Stored items ->
▼

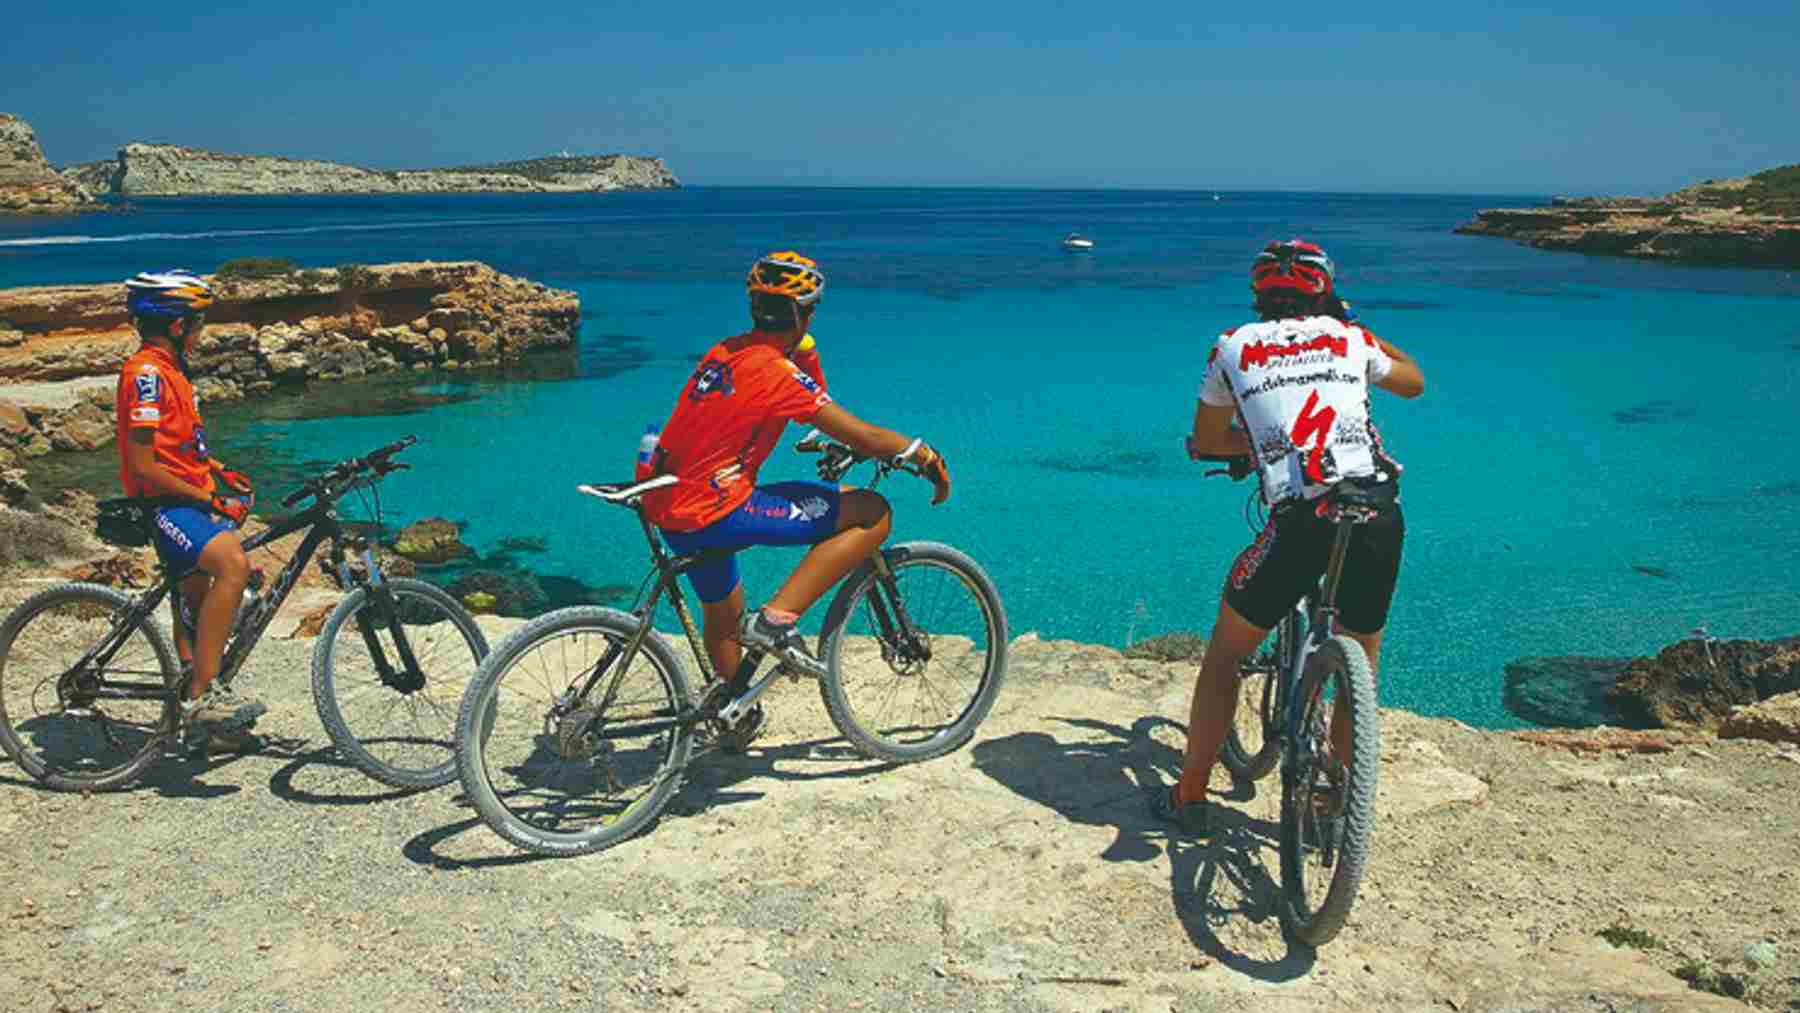 El deporte será el gran protagonista en la isla gracias al Multisport World Championships Ibiza 2023.
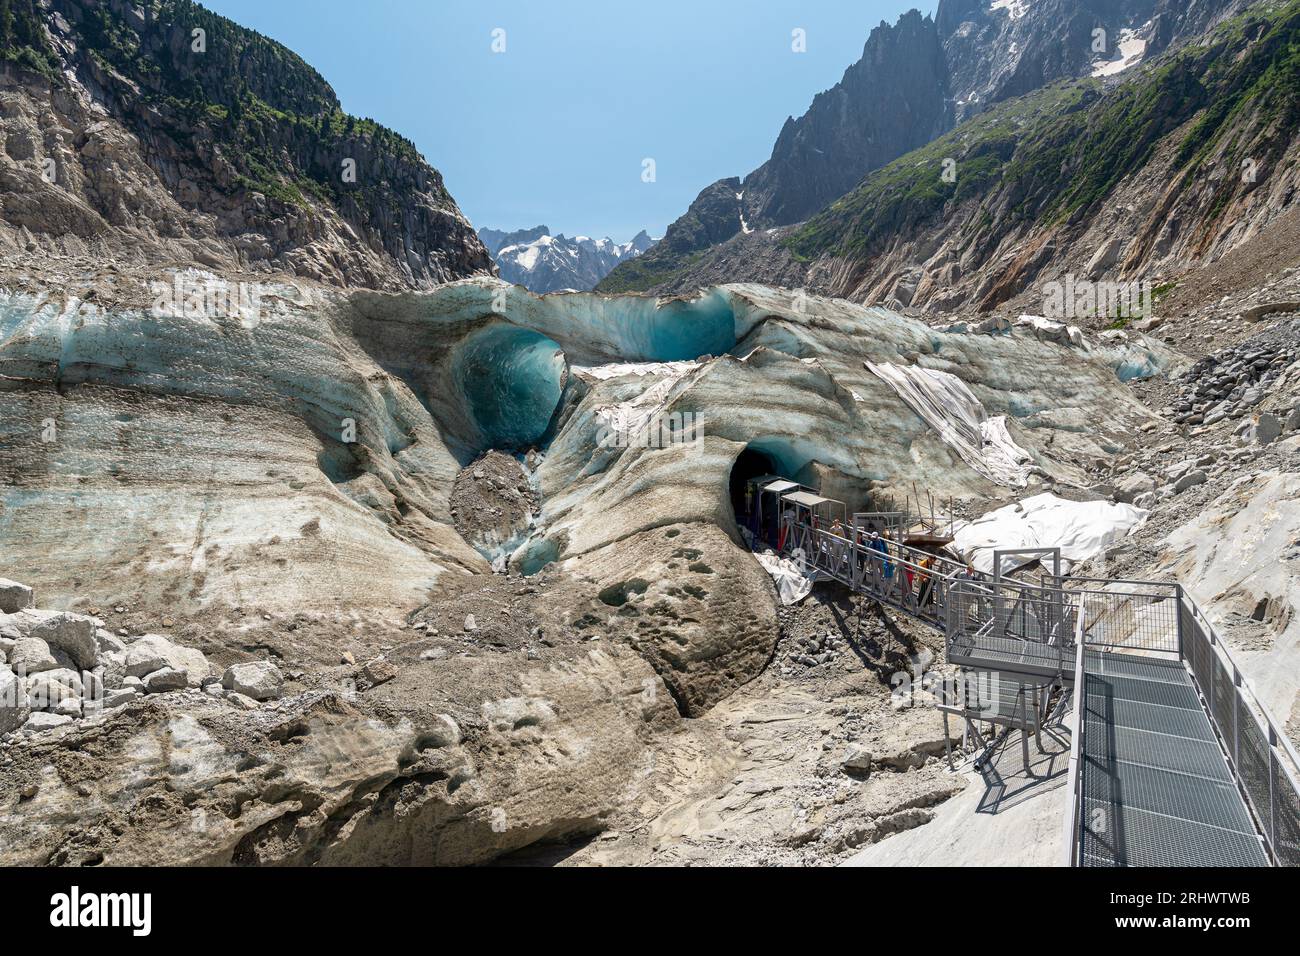 Les touristes visitant la Grotte de glace creusé dans la Mer de glace (« Mer de glace »), un glacier de vallée situé sur les pentes nord du massif du Mont blanc. Banque D'Images
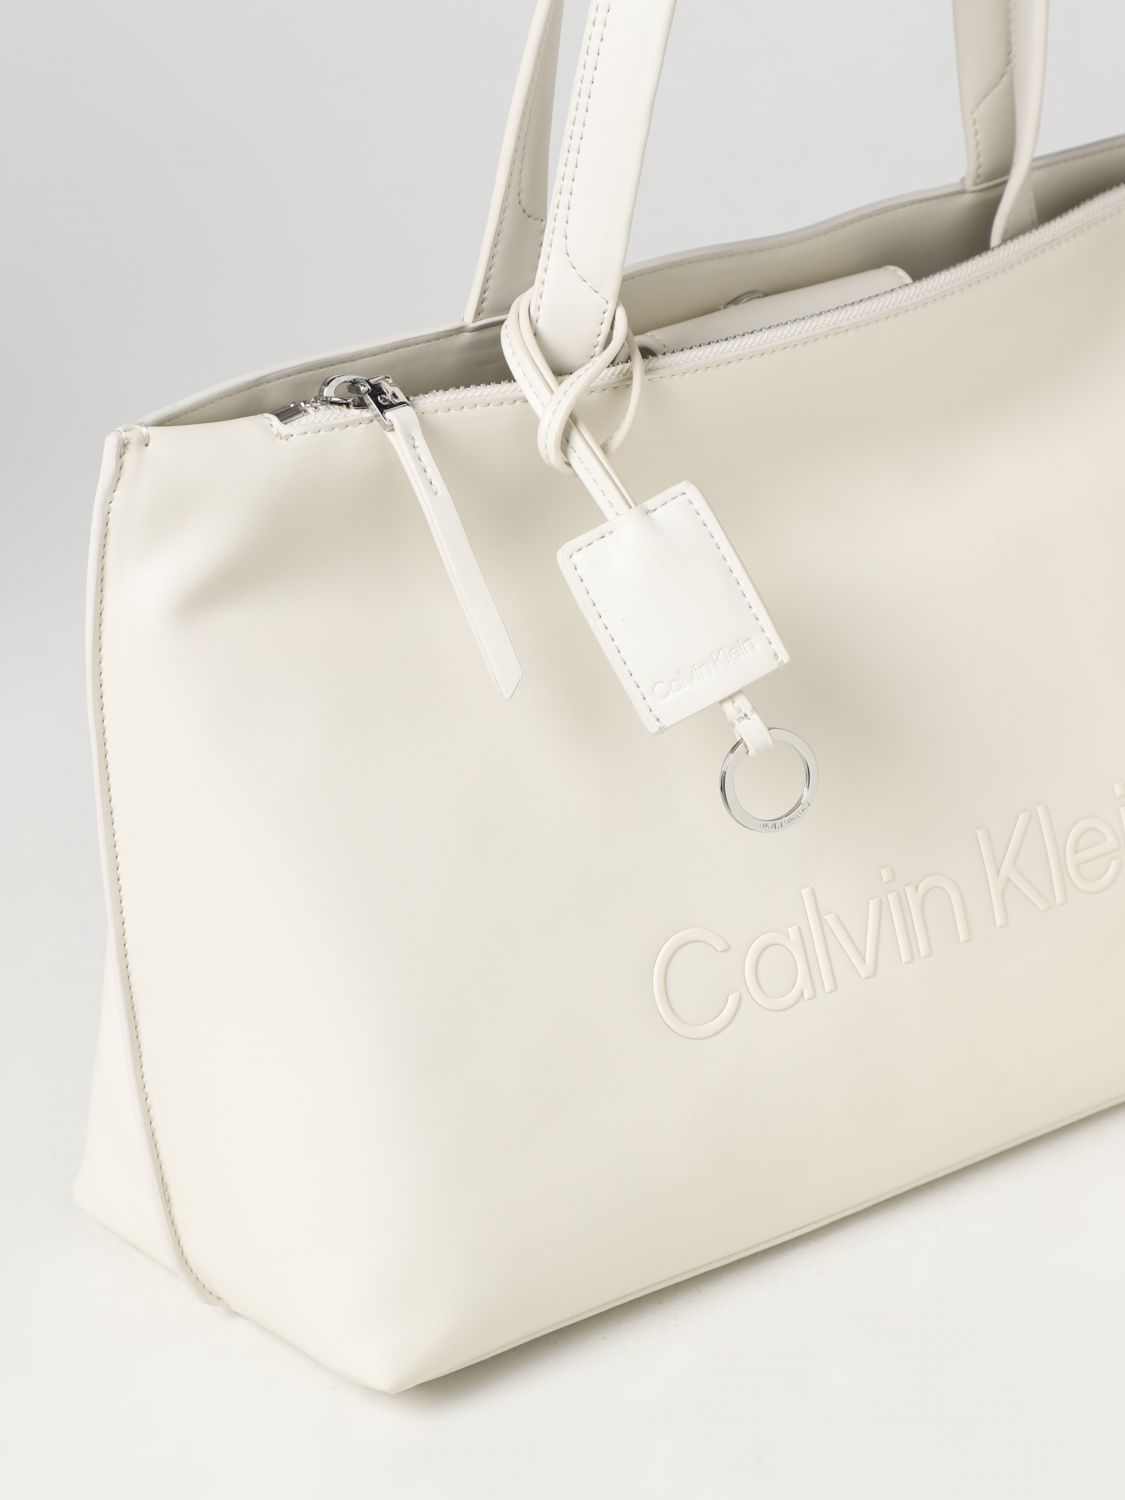 CALVIN KLEIN K60K610628 - Tote bag
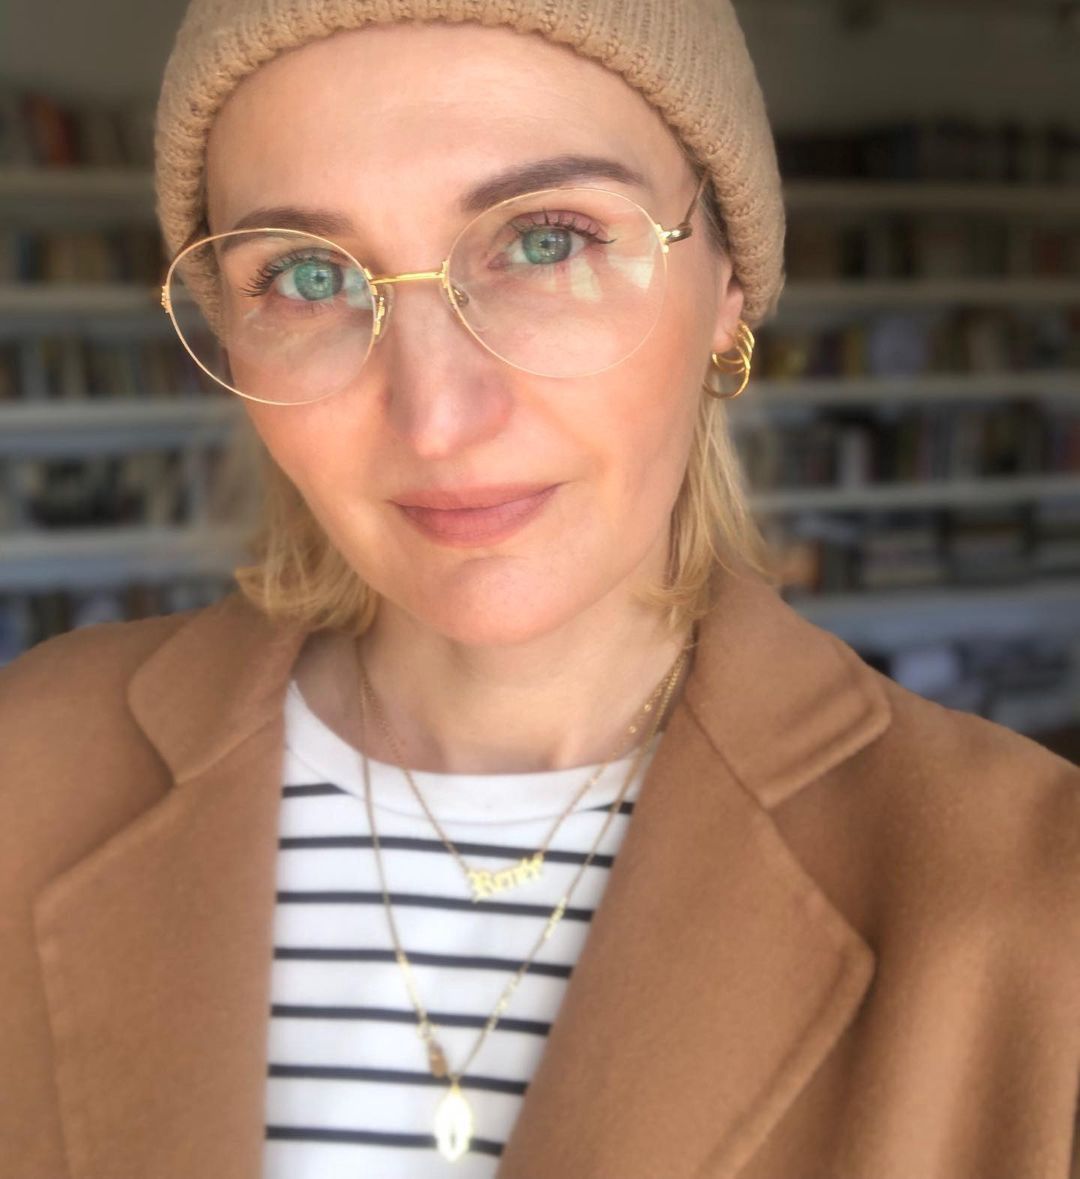 Reni Jusis w modnych okularach w złotej ramce
Instagram/renijusisofficial

▲

YOUR INSTRUCTIONS ->
Take the records above from their first line through the line with "CALVIN KLEIN K60K610628 - Tote bag" and set those lines down word for word, minus the pictures.

RESULT ->
 El deporte será el gran protagonista en la isla gracias al Multisport World Championships Ibiza 2023.
 Les touristes visitant la Grotte de glace creusé dans la Mer de glace (« Mer de glace »), un glacier de vallée situé sur les pentes nord du massif du Mont blanc. Banque D'Images
 CALVIN KLEIN K60K610628 - Tote bag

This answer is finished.